John was speechless. She didn’t even blink, just looked at me and asked, “What color?”

Ah, we were a fun group. 🙂

A spanking startle… and more

Yeah, I’m still here. Things are complicated and sad. But for once, I’m going to stay on topic. The weekends have been especially hard, so I’ve been taking up some of the time watching/streaming a lot of old movies… and I mean old. I recently watched “Nothing Sacred” from 1937, which contained a single bottom swat and a spanking threat. But it also contained a scene that would never, ever fly now. I’m curious what people will think of it.

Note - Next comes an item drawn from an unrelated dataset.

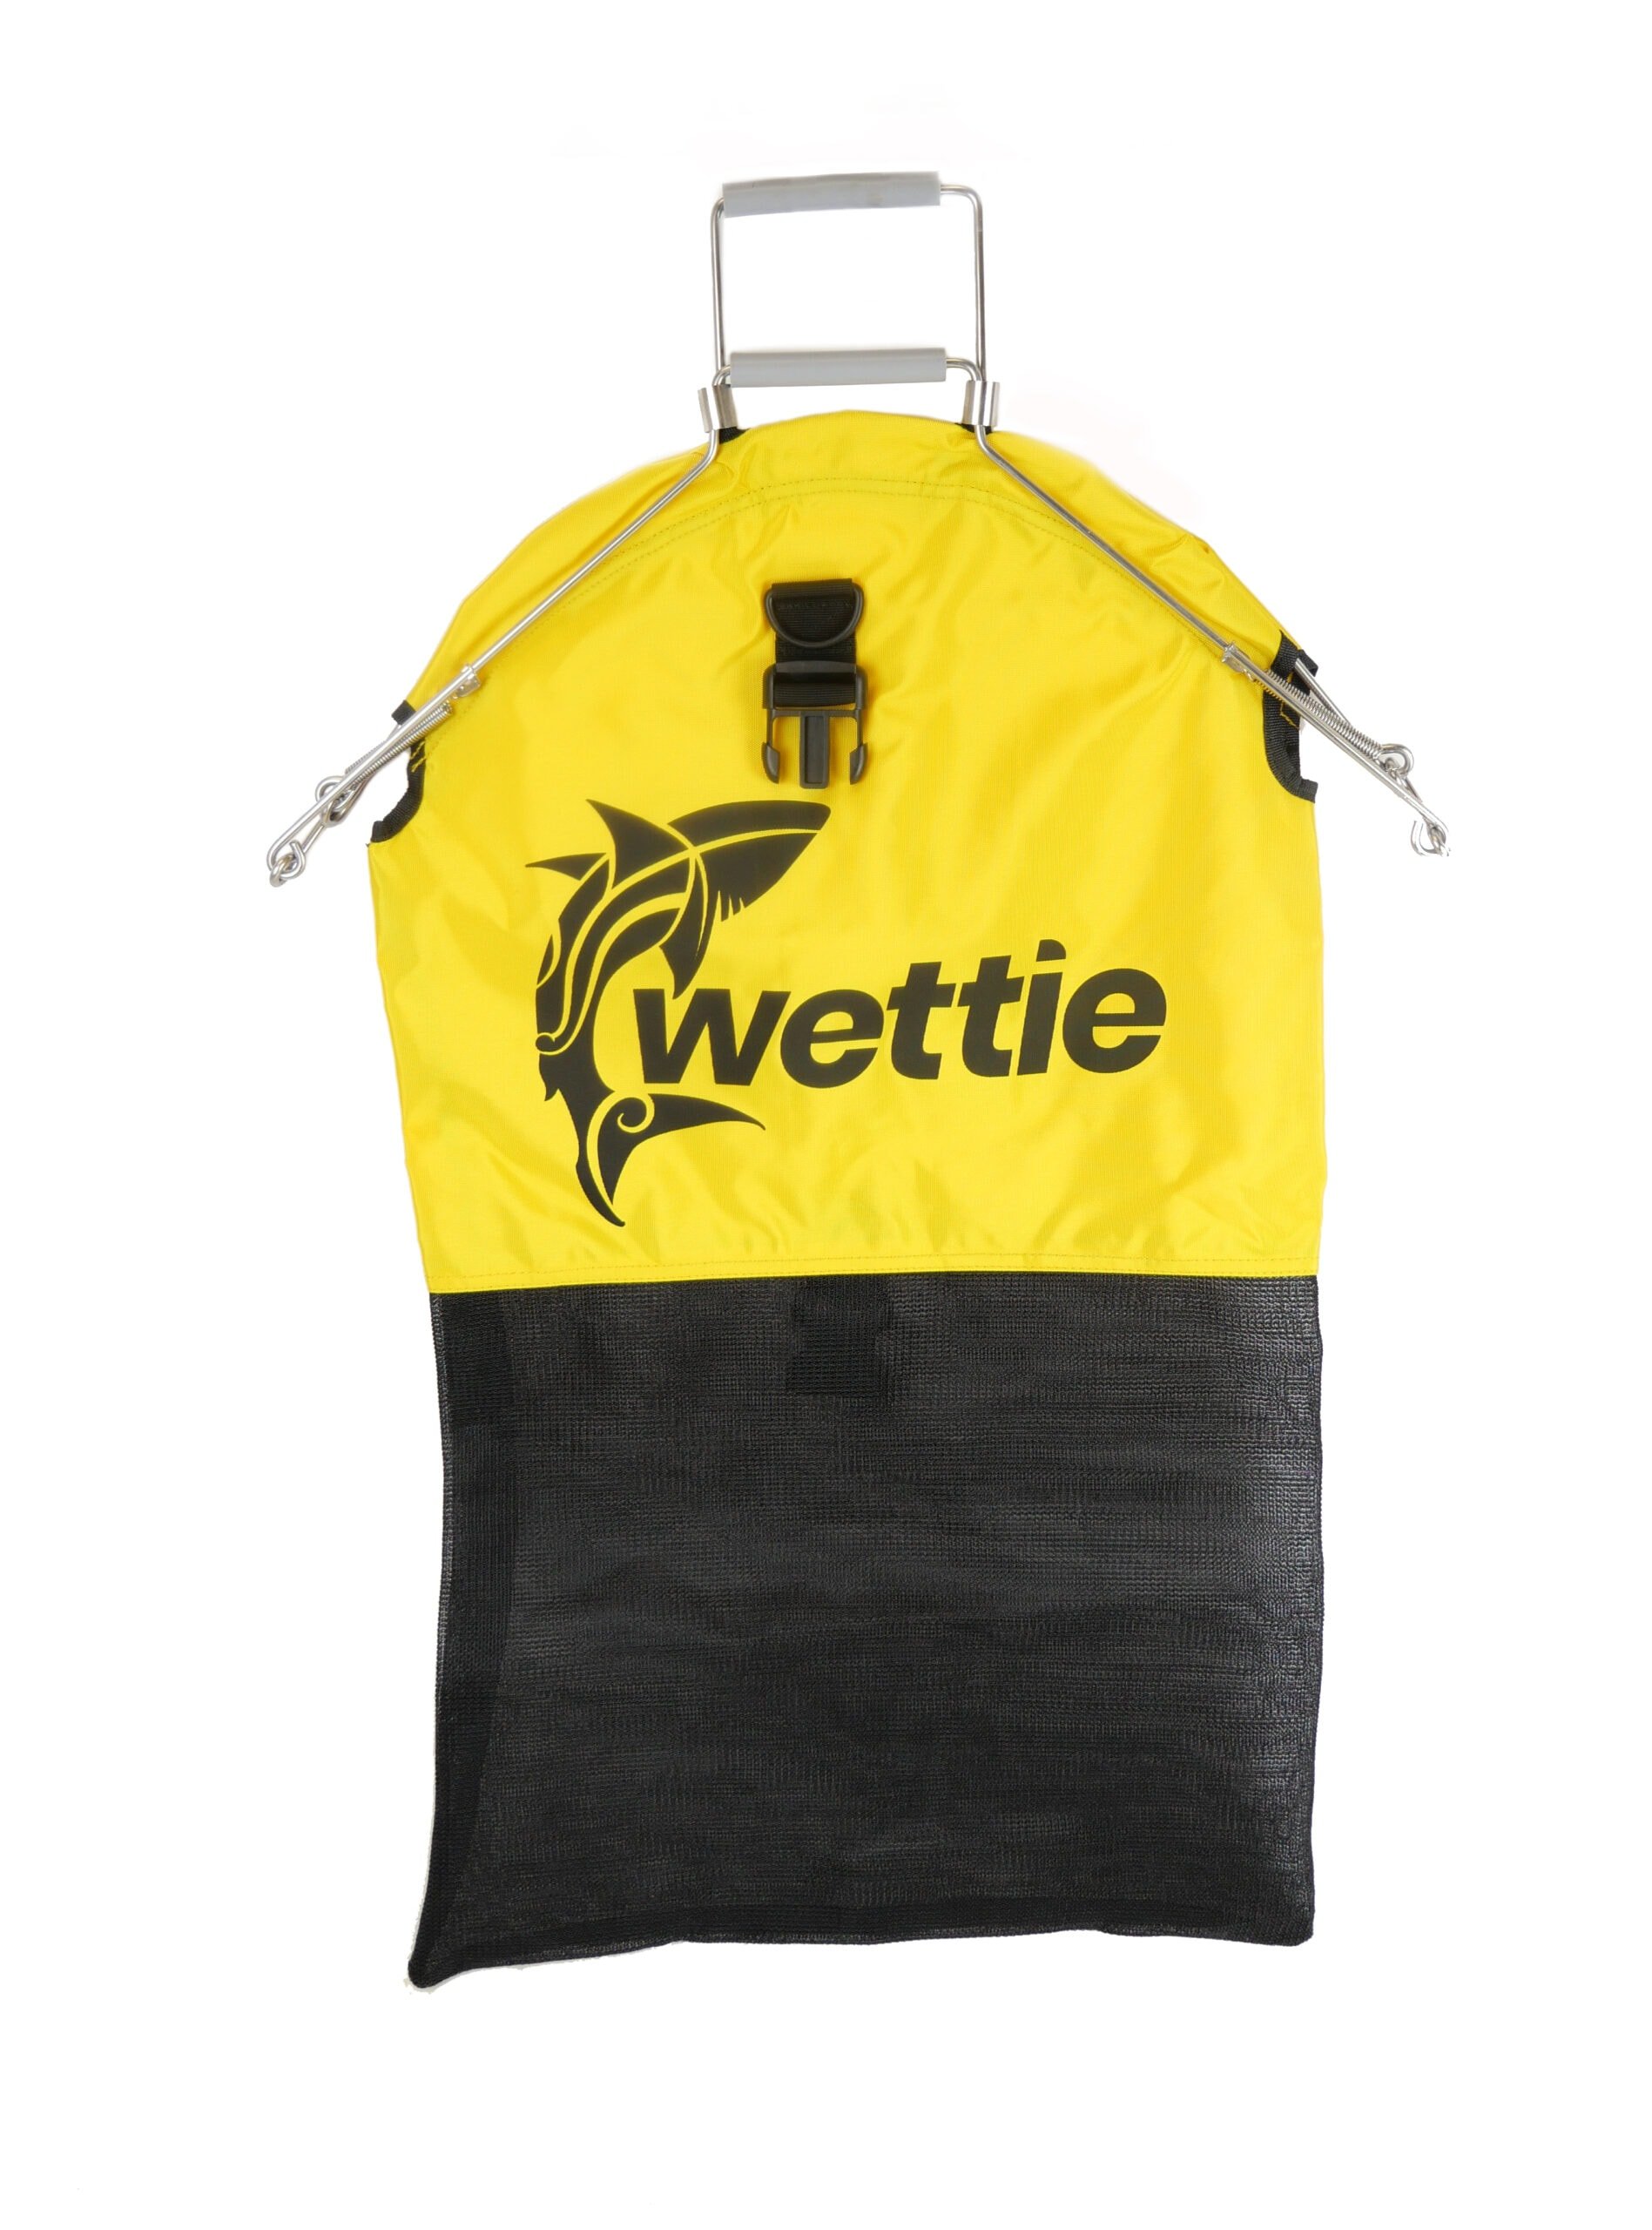 BAGS - Wettie NZ  Spearfishing Wetsuits & Dive Equipment
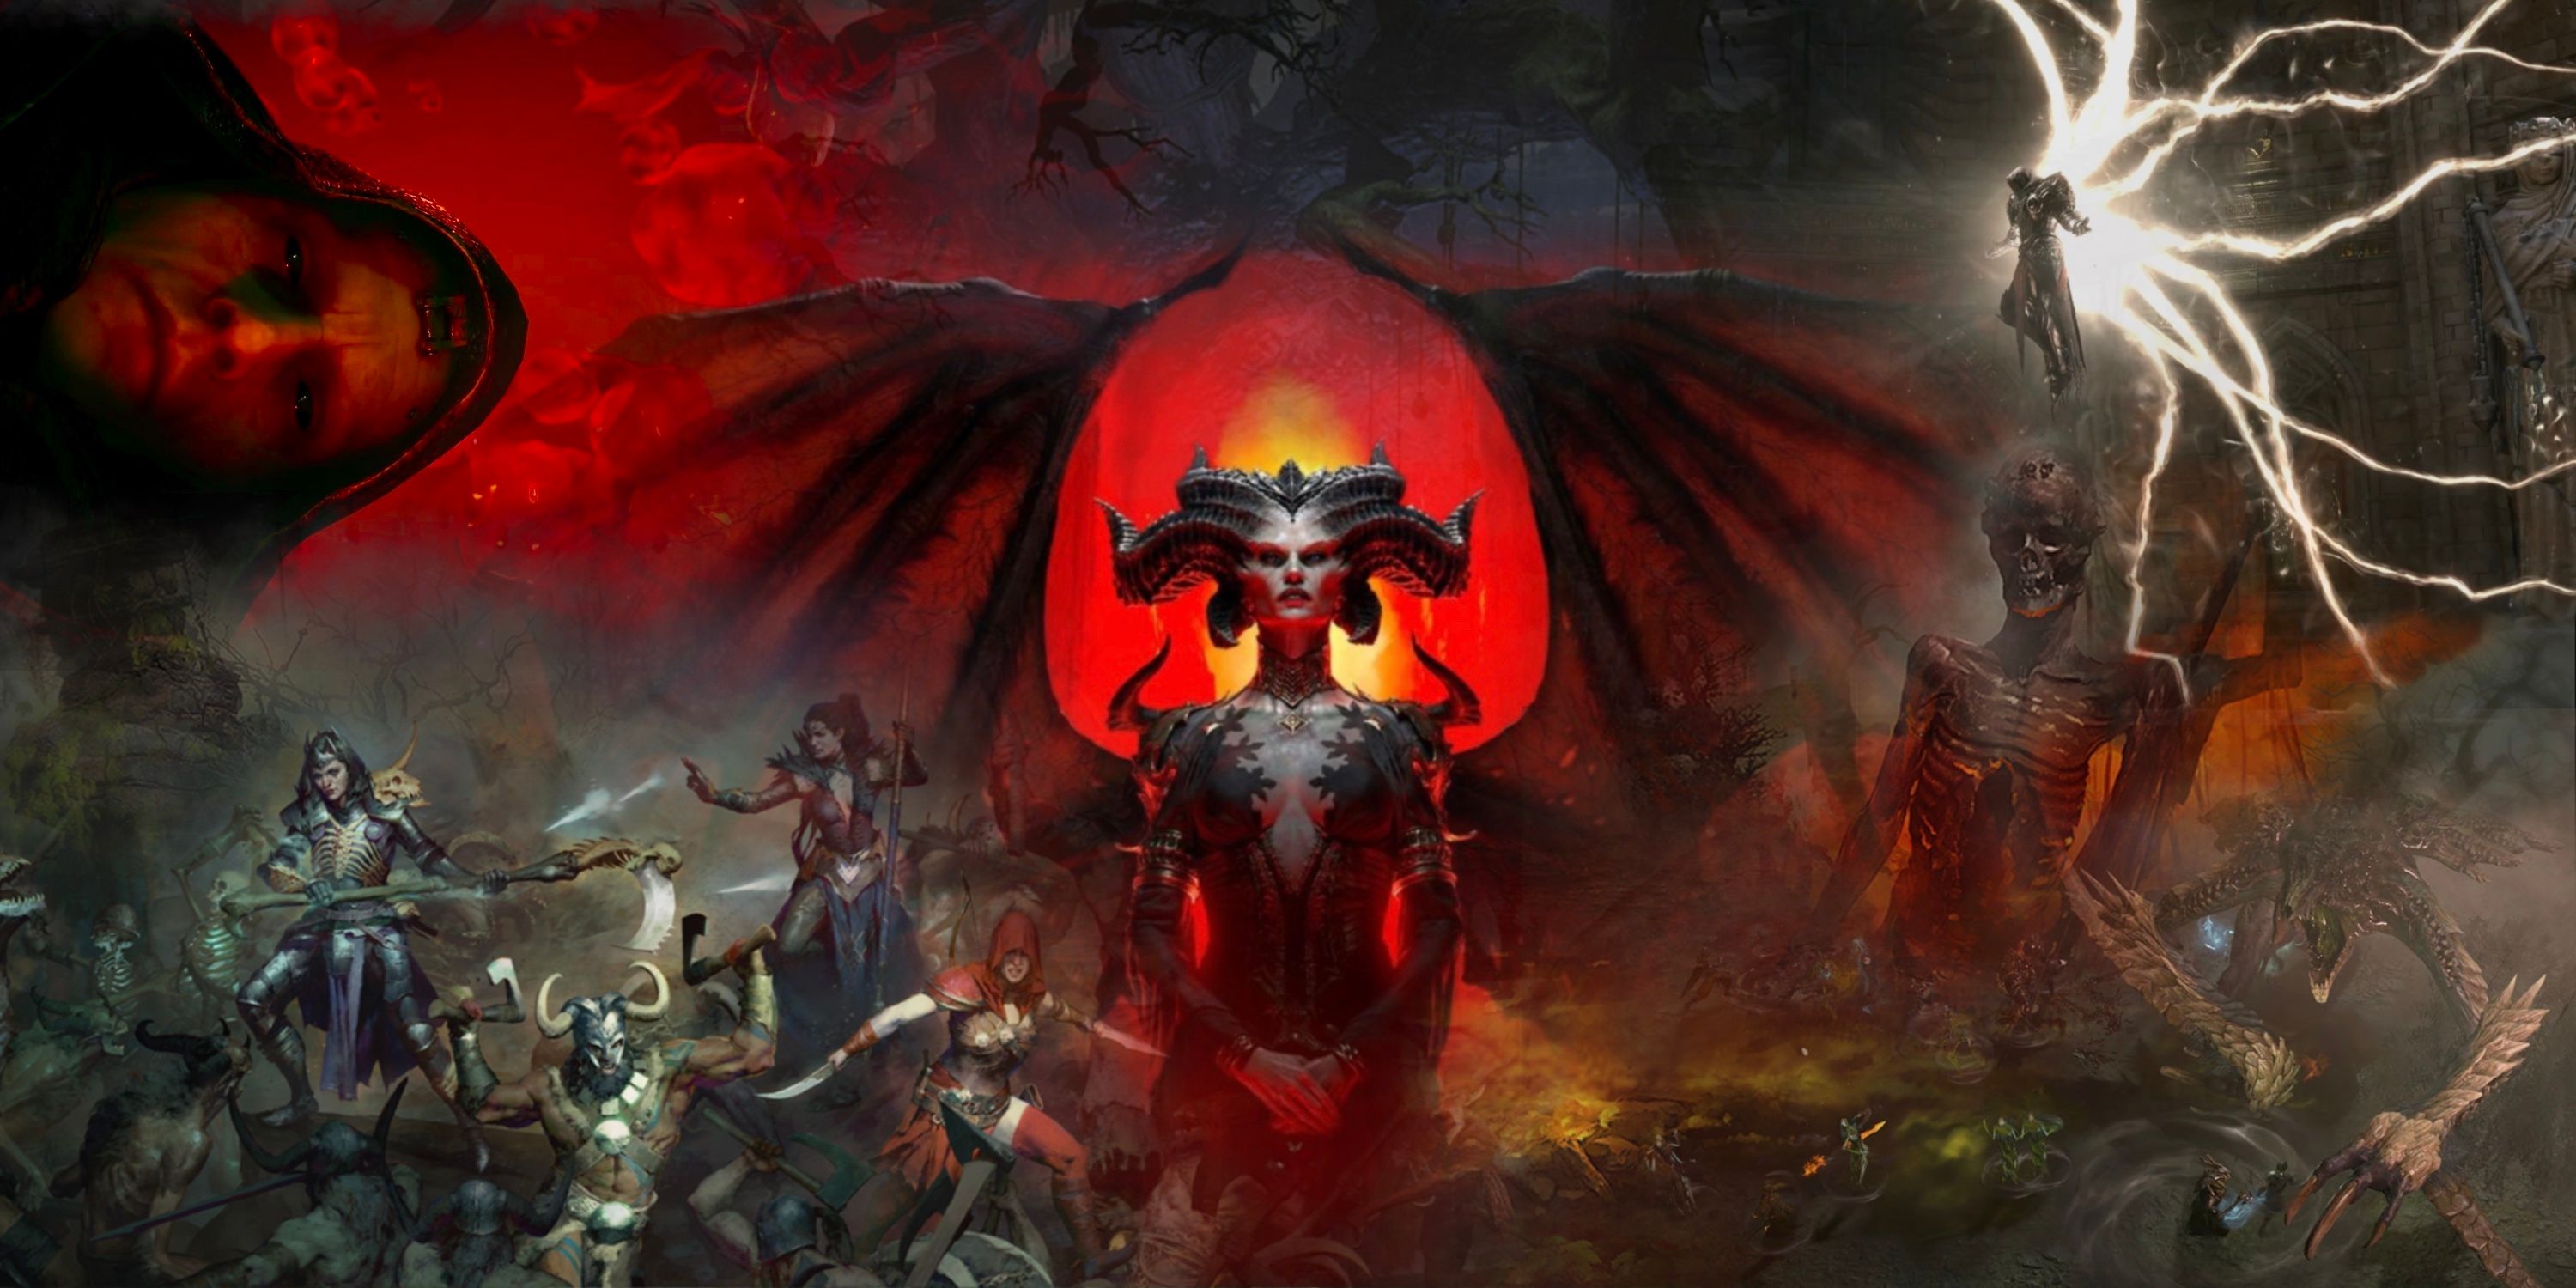 Diablo 4 guide: Everything you need to survive Sanctuary

I have to give spoilers, for context. This film is one of the genre known as “screwball comedies,” which had a lot of physical comedy, usually preposterous plots, and a little romance thrown in. Hotshot New York newspaper reporter Wally Cook (Fredric March) is desperate to redeem himself with the boss after a terrible reporting gaffe busts him to the obituary column. He finds a story about a young woman named Hazel Flagg (the sublimely funny Carole Lombard) who lives in a Podunk tiny town in Vermont and is dying of radium poisoning. Wally gets the bright idea of bringing Hazel to New York and making her final weeks spectacular, showing her the town, making her into an interest story that everyone will read. So he goes to her small town to offer this to her. She loves the idea of being able to get out of Podunk-ville and have some fun. There’s just one tiny little detail… she’s just seen her doctor, and he told her he was mistaken, that she’s not dying, she’s as healthy as a horse. But she keeps that detail to herself, and becomes the toast of New York, a cause célèbre, getting the key to the city and with people falling all over her, talking about how brave she is. And Wally falls in love with her. Hazel is ditzy as hell, but she’s endearing.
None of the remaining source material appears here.